Chuva atrapalha, mas não esfria o comércio em clima de Copa no Centro
Francisco admite ter deixado tudo para a última hora e decidiu ir ao Centro da cidade para comprar o que faltava (Foto: Gabi Cenciarelli).

Entre os consumidores que correram para as compras estava Francisco Alisson, de 23 anos. Ele admitiu ter deixado tudo para a última hora e decidiu ir ao Centro para comprar o que faltava. A lista de compras incluía bandeira, pulseiras, faixa de cabeça, bandana e camisa. "Eu deixei para comprar de última hora, mas, quando a gente é brasileiro, a gente não desiste. Vamos para cima."

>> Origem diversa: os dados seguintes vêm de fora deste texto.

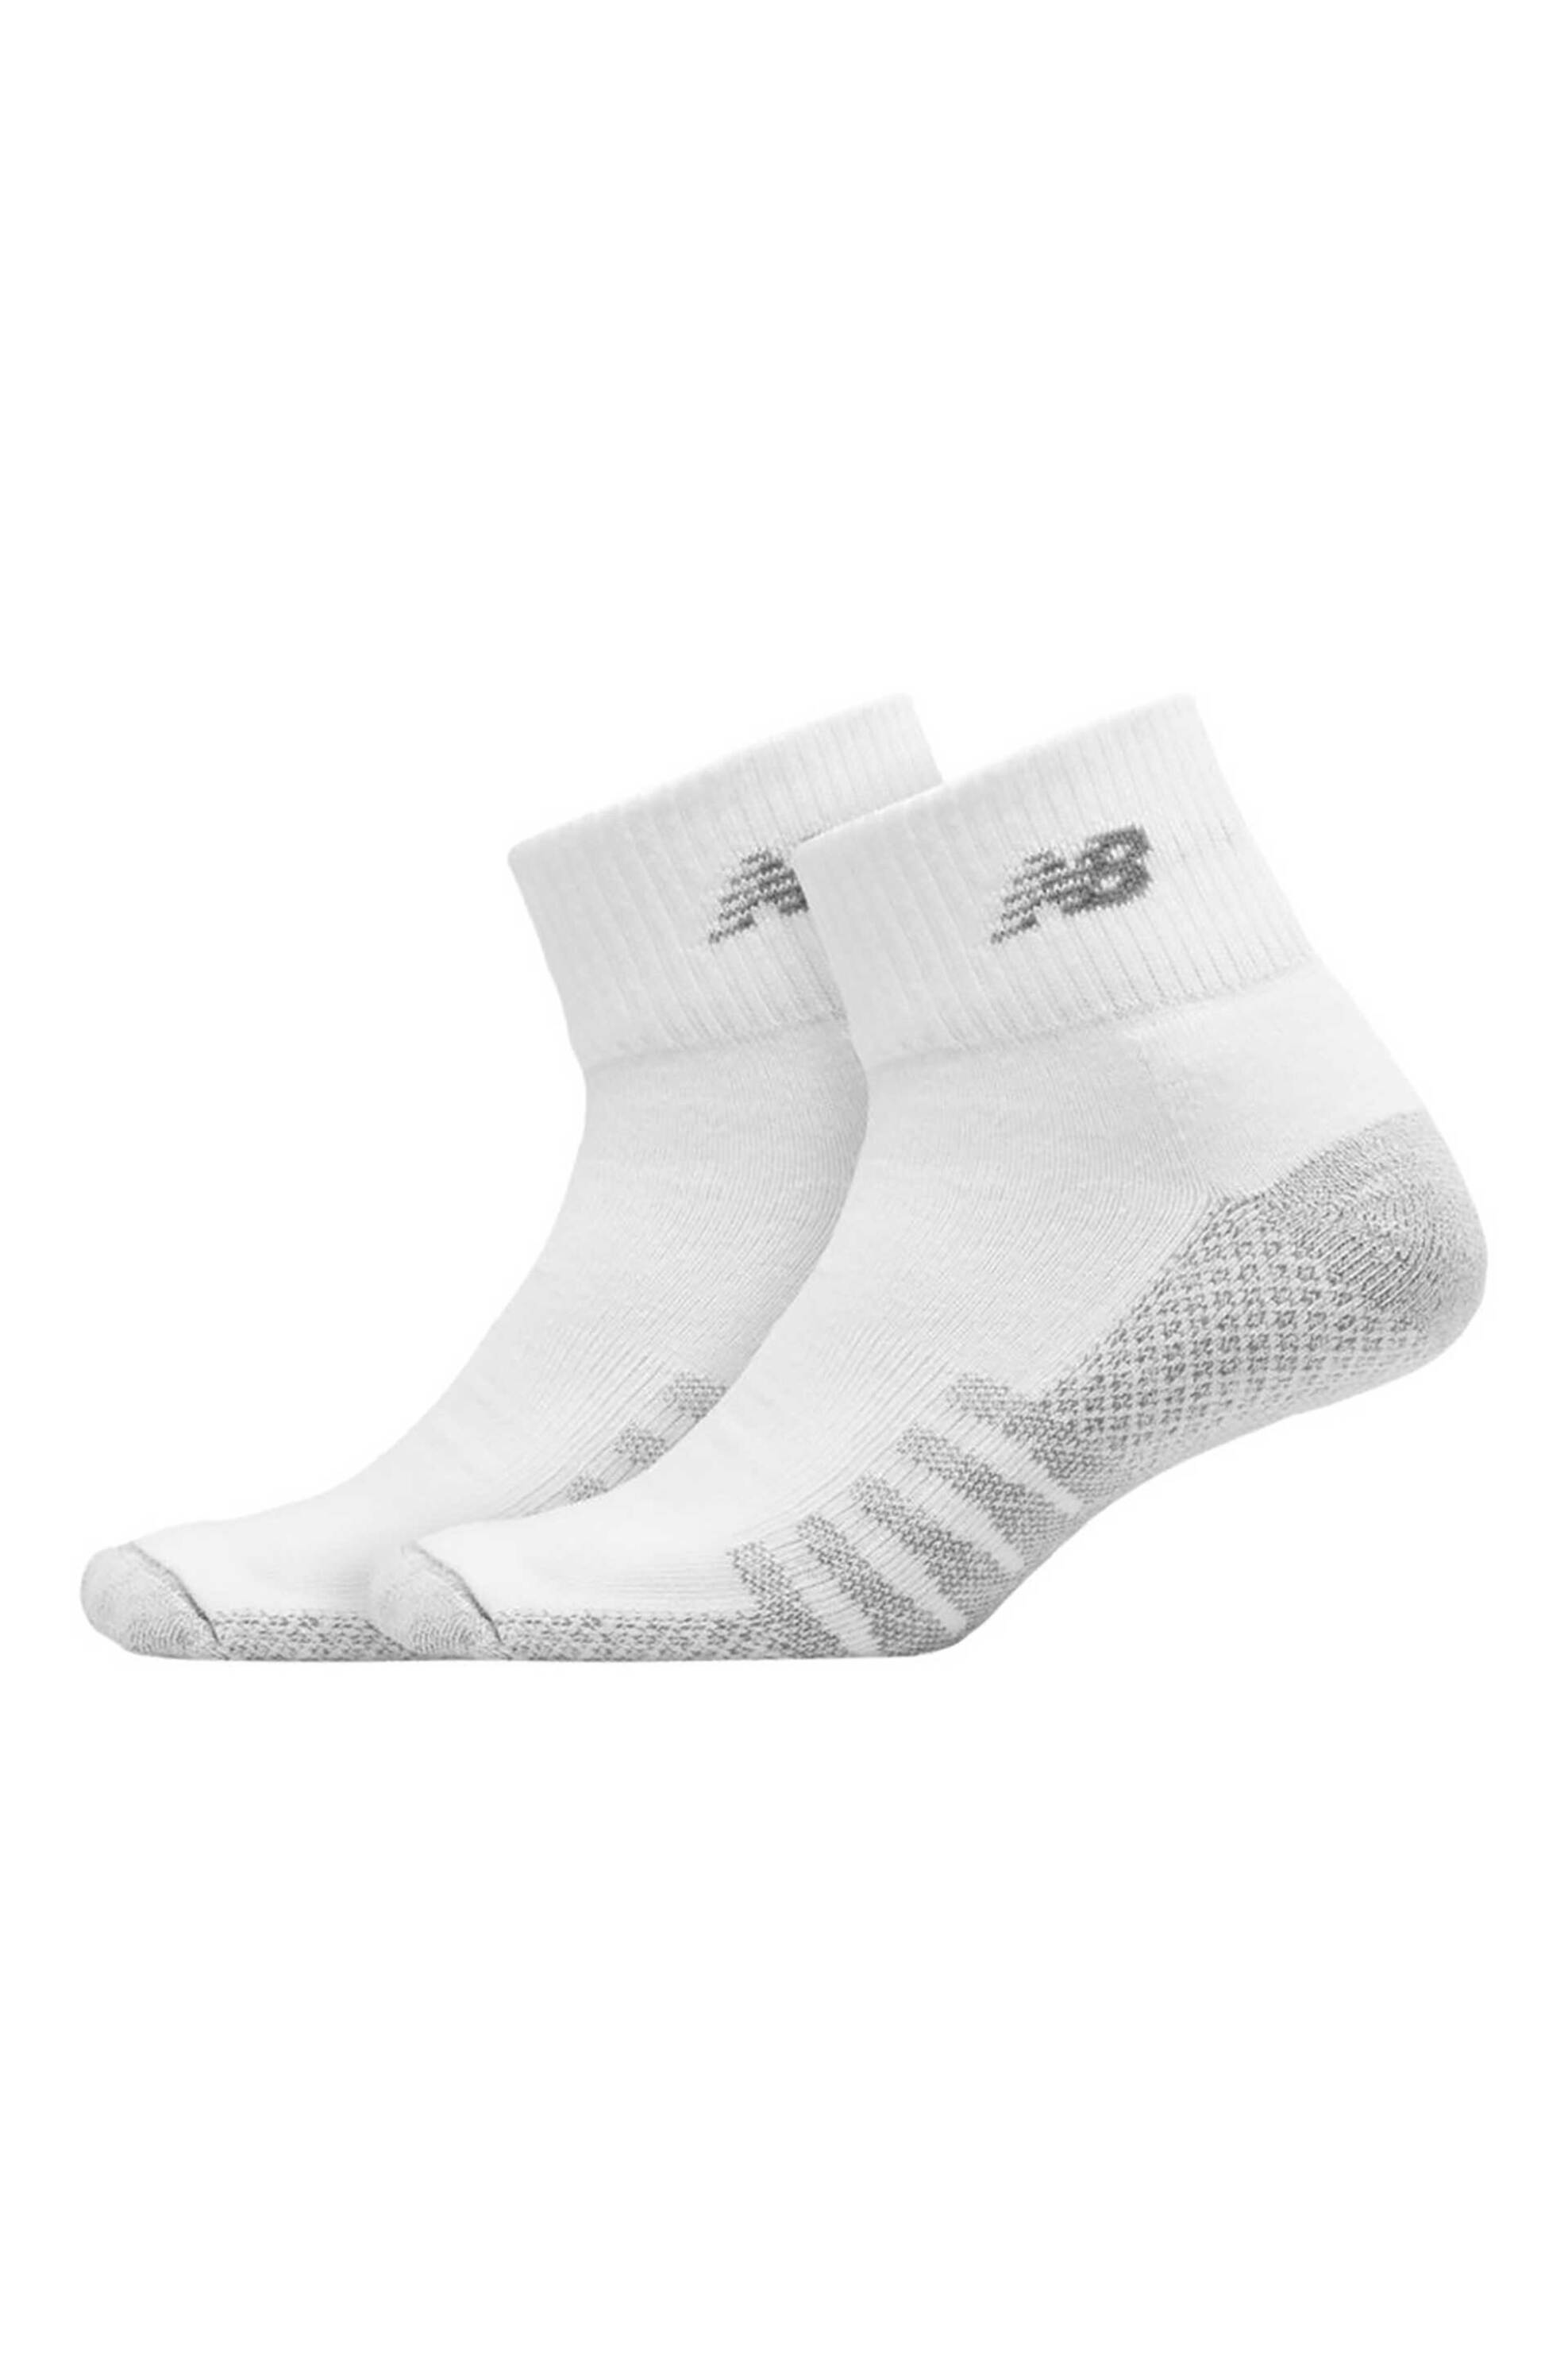 Άνδρας > ΡΟΥΧΑ > Κάλτσες > Κοντές Κάλτσες New Balance unisex σετ κάλτσες με logo print "Coolmax Quarter" (2 τεμάχια) - LAS70332 Λευκό

Para montar o visual completo, Francisco calcula gastar cerca de R$ 150. "Pesquisei bastante e, por enquanto, foi o lugar mais barato que achei", comentou. Ele também disse que já tem até destino definido para acompanhar a partida. "Vou assistir ali na 14 de Julho. Vai ter telão, isso é a coisa mais maravilhosa. Na Praça do Rádio também vai ter um monte de lugar bom. Vai ficar show de bola".

Chuva atrapalha, mas não esfria o comércio em clima de Copa no Centro
Maria Clara mostra bandeiras do Brasil que comprou para curtir primeira partida da Seleção na Copa do Mundo (Foto: Gabi Cenciarelli).

Já a bancária Maria Clara Alves Golda, de 24 anos, encarou a chuva logo cedo para cumprir duas missões. A primeira, comprar itens para torcer pelo Brasil; a segunda, buscar o tradicional bolo de Santo Antônio.

Com uma bandeirinha já garantida, Maria Clara ainda procurava entre as lojas da Rua 14 de Julho uma camiseta para acompanhar a partida. "A gente tem esperança, aí lembrei que hoje tinha jogo e vim comprar uma bandeirinha. Também estou atrás de uma blusa, porque de quatro em quatro anos é tenso."

Além da torcida pela Seleção, Maria Clara também deposita expectativas no santo casamenteiro. "Já busquei o bolo, está lá. Estou vendo se acho a aliança e a TV", brincou.

Vendas - Nas lojas do Centro, a avaliação é positiva. Segundo a gerente da loja Rei do Preço Único, Carla Sélis, o movimento surpreendeu até mesmo diante do tempo fechado. "O movimento está ótimo, graças a Deus. Estamos vendendo super bem."

Carla afirma que a semana já vinha registrando boa procura, mas o sábado trouxe um impulso inesperado. "Hoje surpreendeu. Com a chuva, surpreendeu. Tem gente que levou mais de 10 peças, 20, 30 peças".

Chuva atrapalha, mas não esfria o comércio em clima de Copa no Centro
Na Rua 14 de Julho, a loja Rei do Preço Único está entre as opções para quem busca camisetas da Seleção Brasileira (Foto: Gabi Cenciarelli)

Para a gerente da loja Rei do Preço Único, o costume brasileiro de deixar tudo para a última hora acabou ajudando o comércio. Segundo ela, o clima da Copa dominou completamente as vitrines. "Parece que o brasileiro tem isso de deixar para a última hora. Mas que bom, senão a gente estava perdendo vendas", comenta. "Hoje está saindo só a blusa do Brasil. Hoje e ontem ninguém quer saber de Dia dos Namorados, é só Brasil."

Se nas lojas o movimento animava os comerciantes, para o vendedor ambulante Putuco, que estava vestido de palhaço, a chuva trouxe prejuízo. Conhecido por trabalhar com esculturas e adereços feitos com balões, ele apostou no tema da Seleção para aumentar as vendas, mas viu a estratégia esbarrar no mau tempo.

Chuva atrapalha, mas não esfria o comércio em clima de Copa no Centro
Vendedor ambulante Putuco resiste à chuva em ponto na Rua 14 de Julho (Foto: Gabi Cenciarelli).

Segundo Putuco, apenas um balão havia sido vendido durante a manhã. "Eu vim trabalhar com esses balões aqui do Brasil, mas tô igual um palhaço por causa dessa chuva", ironizou.

Mesmo assim, o ambulante não pretendia abandonar o ponto. "Vou continuar aqui até umas 3 horas da tarde, tentando. Tem que garantir pelo menos o frango, porque o churrasco já era", complementou.